As to the rest of section 1, Bingham repeatedly insisted that the Amendment was not revolutionary; it would not take away any rights from the states, but would merely provide new security for the old rights of citizens and persons. Magliocca candidly presents all the supporting evidence. Before the Civil War, Bingham indicated his belief that native-born free blacks and other bona-fide citizens were constitutionally entitled to certain fundamental rights throughout the Union. In 1866, he likewise declared that no state ever had any right “to withhold from any citizen of the United States…any of the privileges of a citizen of the United States.” Still, as he indicated in his vote against the Civil Rights Act, Congress lacked authority to enforce these fundamental rights. Thus for Bingham, at least, the prohibitions of Section 1, like the Citizenship Clause, were largely declaratory or clarificatory of existing constitutional law. Only Section 5, by granting a new power to Congress, represented a clear change to the Constitution’s meaning.
The Framers of the 1787 constitution, in contrast, openly acknowledged the revolutionary character of their act. Madison, as Publius, twice quoted the Declaration of Independence to justify the Conventions’ decision to propose a wholly new Constitution to be adopted by the concurrence of only nine states—in violation of both Congress’ express mandate and the solemn constitutional promise of the Articles of Confederation. Further, upon his inauguration as the nation’s President, the Convention’s President spoke openly of “the important revolution just accomplished in the system of [the people’s] United Government.”

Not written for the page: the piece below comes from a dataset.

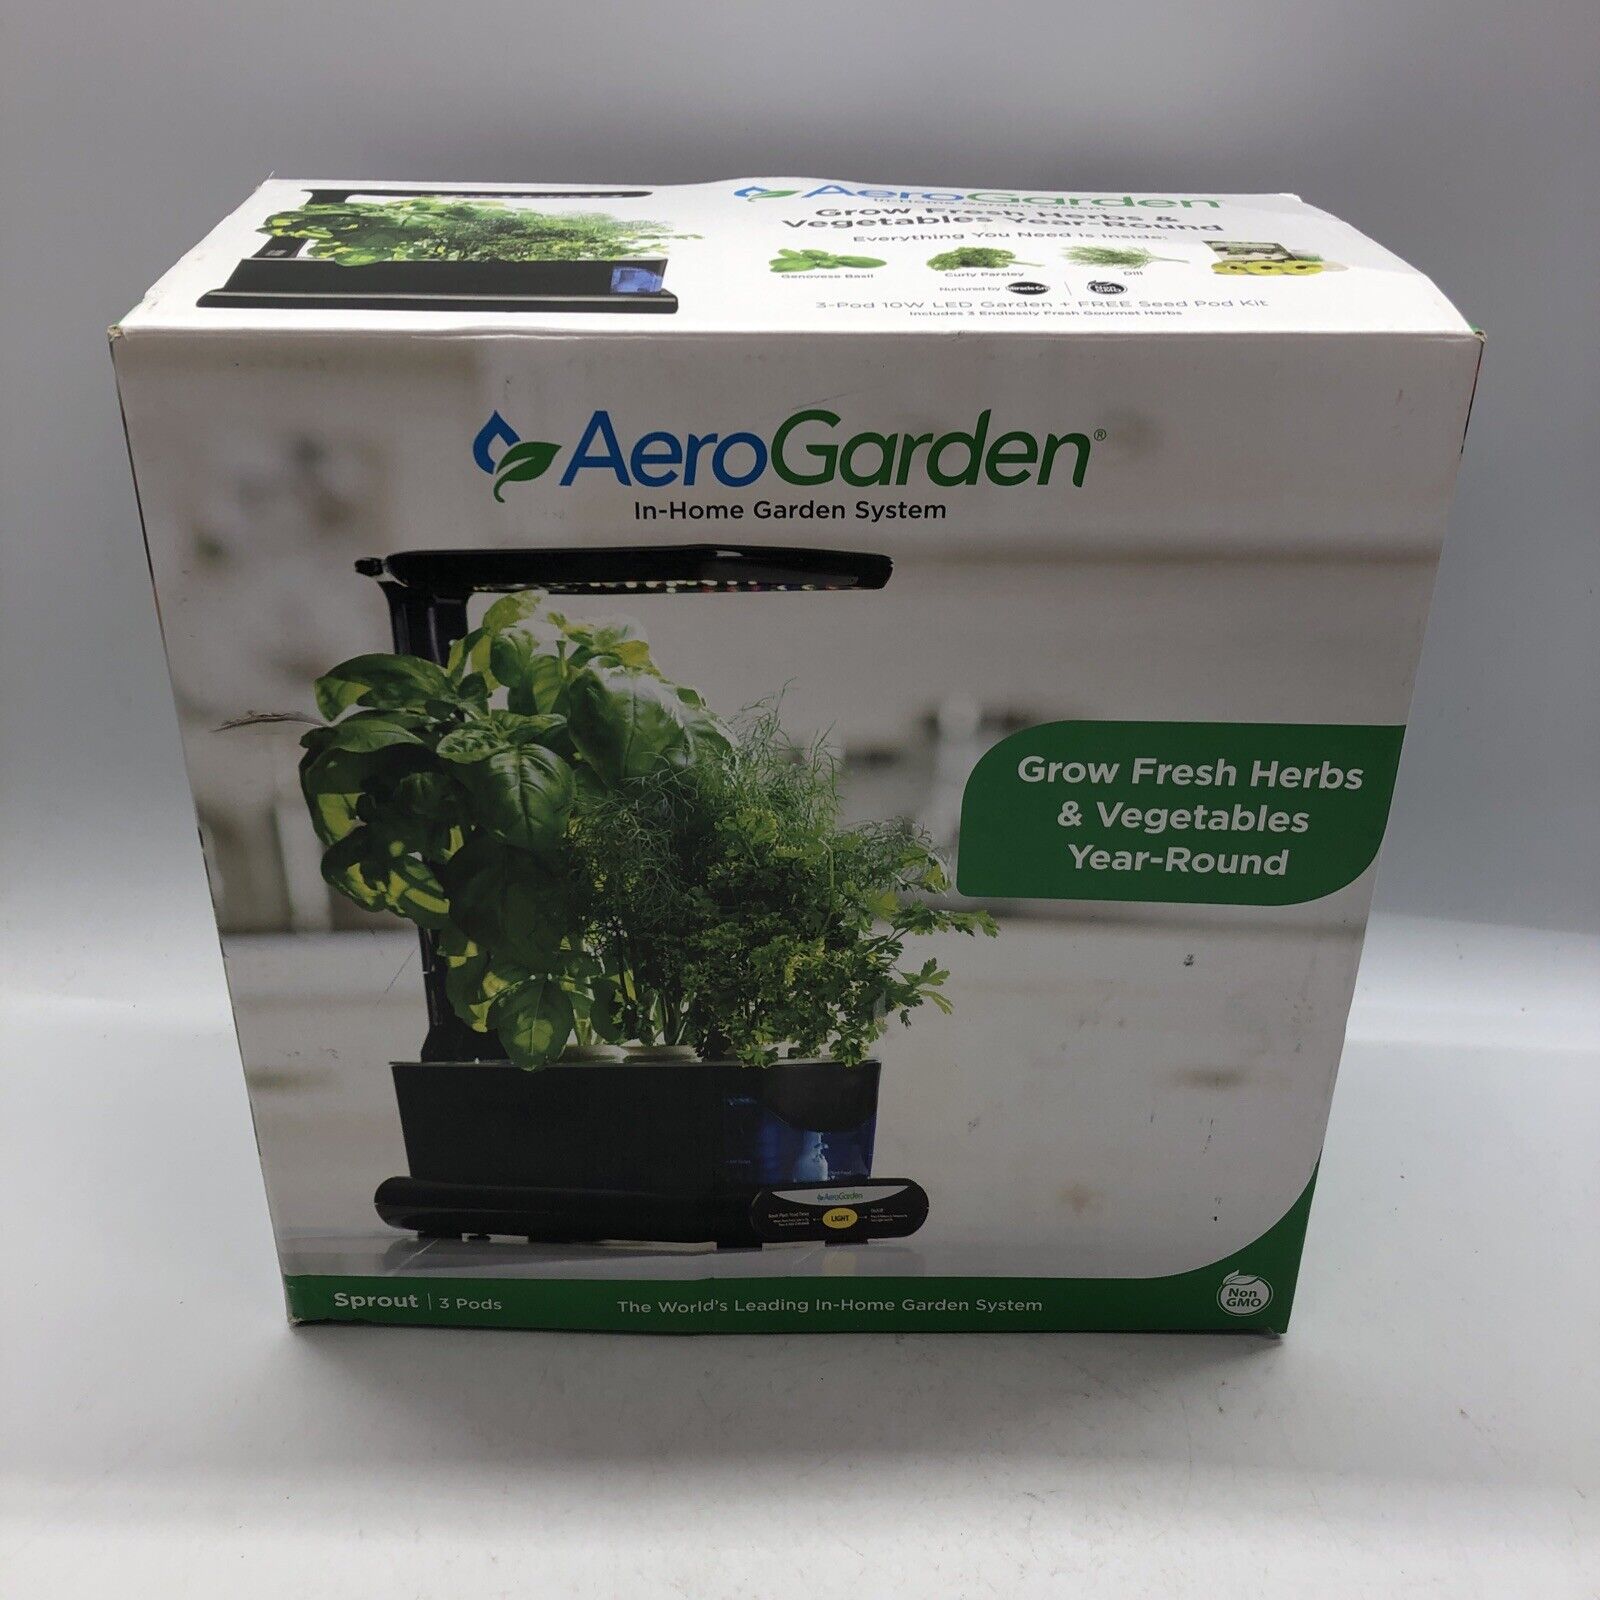 AeroGarden 3-Pod Indoor Sprout LED (no seeds)

Magliocca presents no evidence that Bingham ever spoke of the Fourteenth Amendment in this way, even privately. Thus, as Professor Allen Guelzo noted in his review of this biography, “it may be too much to nominate Bingham as the author of some brave new constitutional order.”
Instead, Magliocca interprets Bingham’s expressions of conservative intent as subterfuge. Bingham is said to have worked “some bait and switch”—a “clever tactic” designed “to make Section one more palatable by downplaying its breath,” as he “was doing his best to convince people that [his] proposal was modest.” Yet it seems highly unlikely that Bingham would resort to such tactics, as they were foreign to his principles and character, as sketched by Magliocca himself. Bingham repeatedly denounced all political lies. “The truth can wrong no man,” he declared, and celebrated “the truth that a lie cannot live forever, that it must die.” His eulogist, quoted with great approval by Magliocca, attributed to Bingham “the highest ideals consistent with truth, honor, justice, and liberty.”
Nonetheless, even if the reader disagrees with some of Professor Magliocca’s conclusions, or is disappointed in the lack of new evidence as to the meaning of the Fourteenth Amendment, this biography represents a significant advance in American constitutional history. It is a welcome, necessary, and long-overdue contribution to scholarship.